A couple years ago I added a hull zinc and when at the dock hung a zinc "grouper" in addition. The goal was to decrease the prop zinc replacement costs. That seemed to work. I was needing a prop zinc replacement about twice a year.
Then last fall I needed a new zinc after only 4 months and the next one only 3 months later. First rule of troubleshooting: what changed?
There's a steel boat next to me now. Hmmm.
The last two spent prop zincs look like pumice, not the surface of the moon. Hmmm...
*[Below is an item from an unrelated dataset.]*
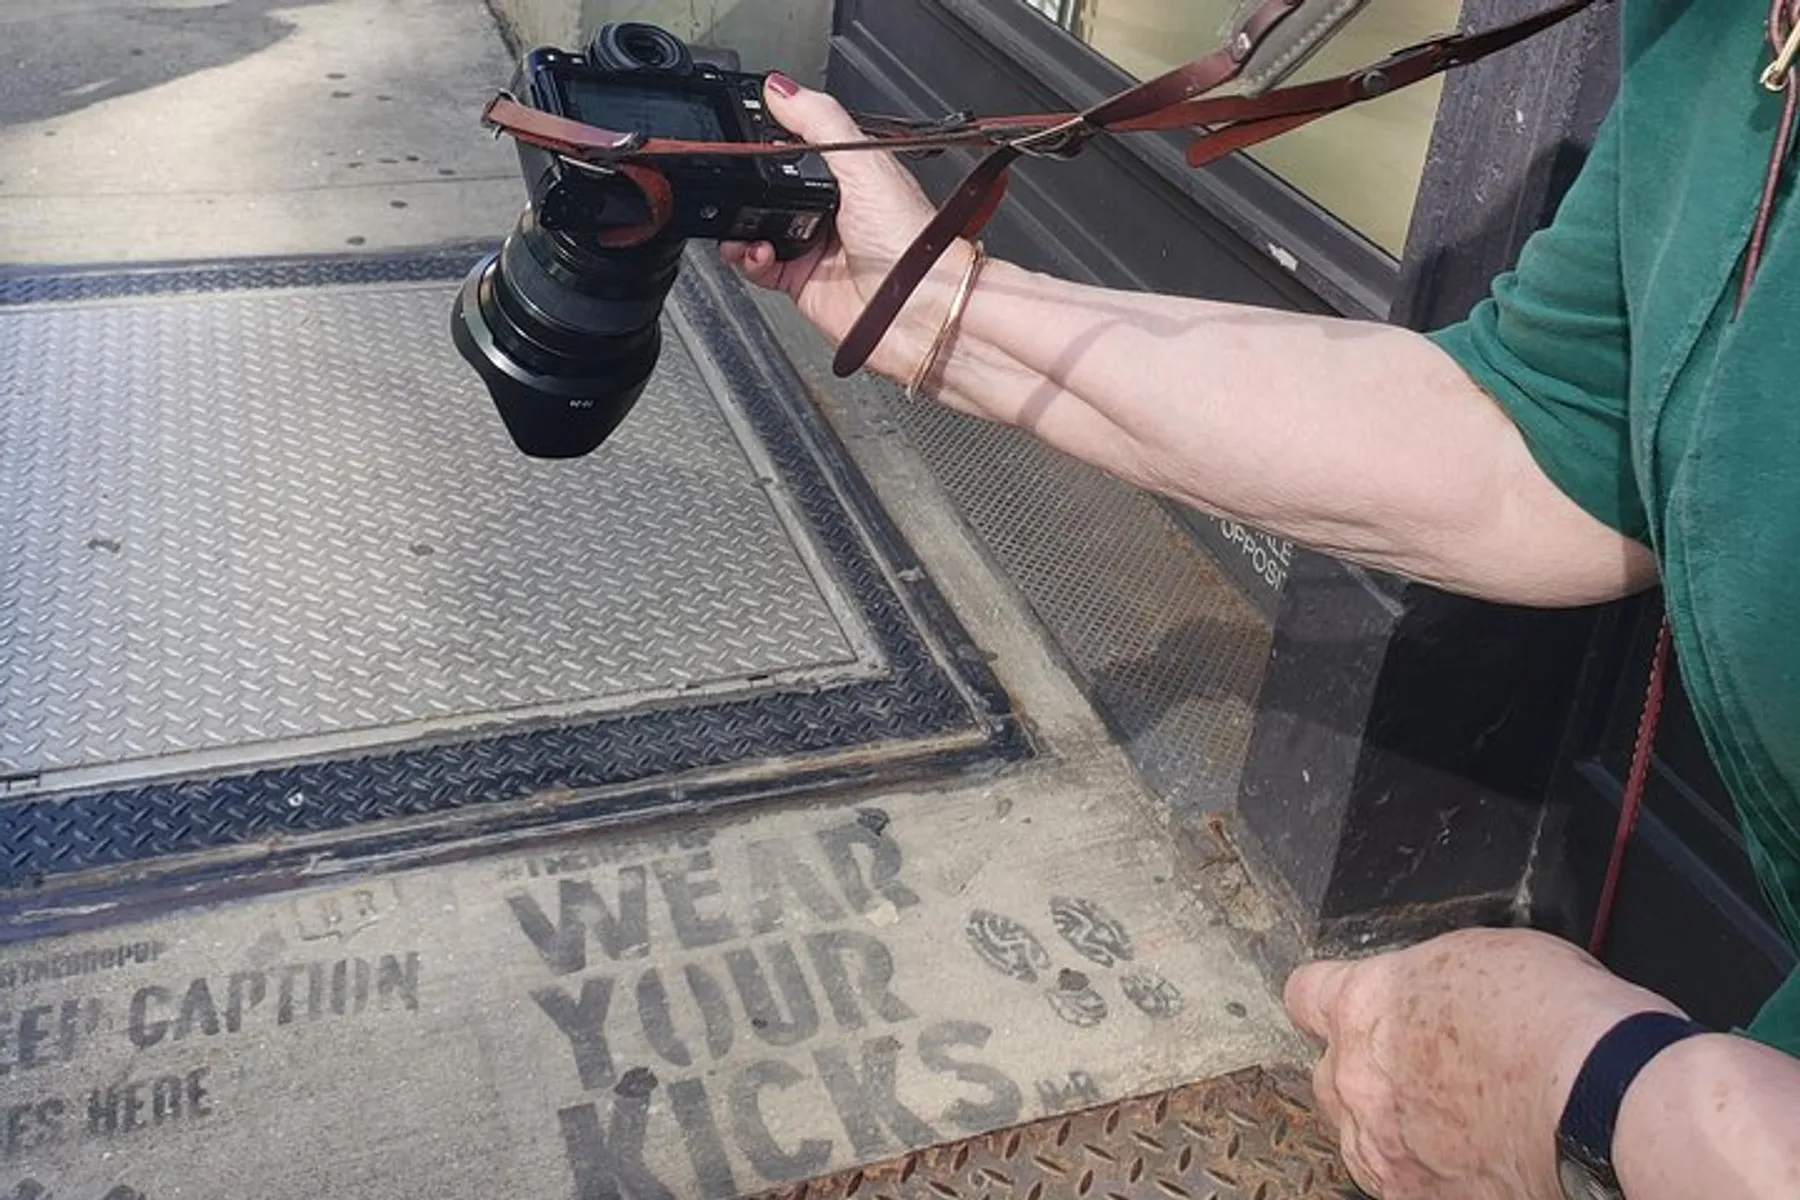 A person is holding a camera next to a dirty doormat with the phrase Wear your kicks stenciled on it.

I talked with the diver. Oh yes, he's using aluminum anodes now because they are better for the environment. Zinc anodes also typically have some cadmium. Both elements are bad for marine life. Indeed, aluminum anodes do seem to be a good choice all around (see the West Advisor article among others). Aluminum anodes are good, but the recommendation is that if you go to aluminum you should make sure that all your anodes are aluminum. In my case, the more galvanically active aluminum prop anode assure that the hull zinc and zinc grouper effectively did nothing!
Since I still had a zinc grouper and a zinc hull anode, I got, the diver to revert to zinc for the prop anode.
Then I got a BFO (brilliant flash of the obvious)... Why not use an aluminum grouper? That would take over pretty much all the load. It would protect the stainless prop shaft, brass stern tube, bronze propeller, and various rudder bits as well. Oh, and it would protect the hull zinc and the prop zinc!
So far so good. Current flow through the zinc grouper had been 8 milliamps. The flow through the aluminum grouper is 35 ma. That suggests that it is taking most of the protective load.
So far I haven't found any reason to think that what I have done is a bad idea but I'm always ready to learn from other people in preference to learning the hard way from experience!
By the way, the "aluminum" galvanic protection anodes are an alloy of mostly aluminum, about 5% zinc and a small amount of Indium. Pure aluminum isn't workable because it tends to oxidize itself such that you can't maintain a good electrical connection. (Remember the aluminum house wiring fiasco?)
The move to aluminum anodes is a happening thing. Imtra now sells only aluminum anodes for their bow thrusters. Isotherm doesn't yet have aluminum anodes for their sink drain heat exchanger units. Martyr makes a large selection of aluminum anodes that meet mil specs.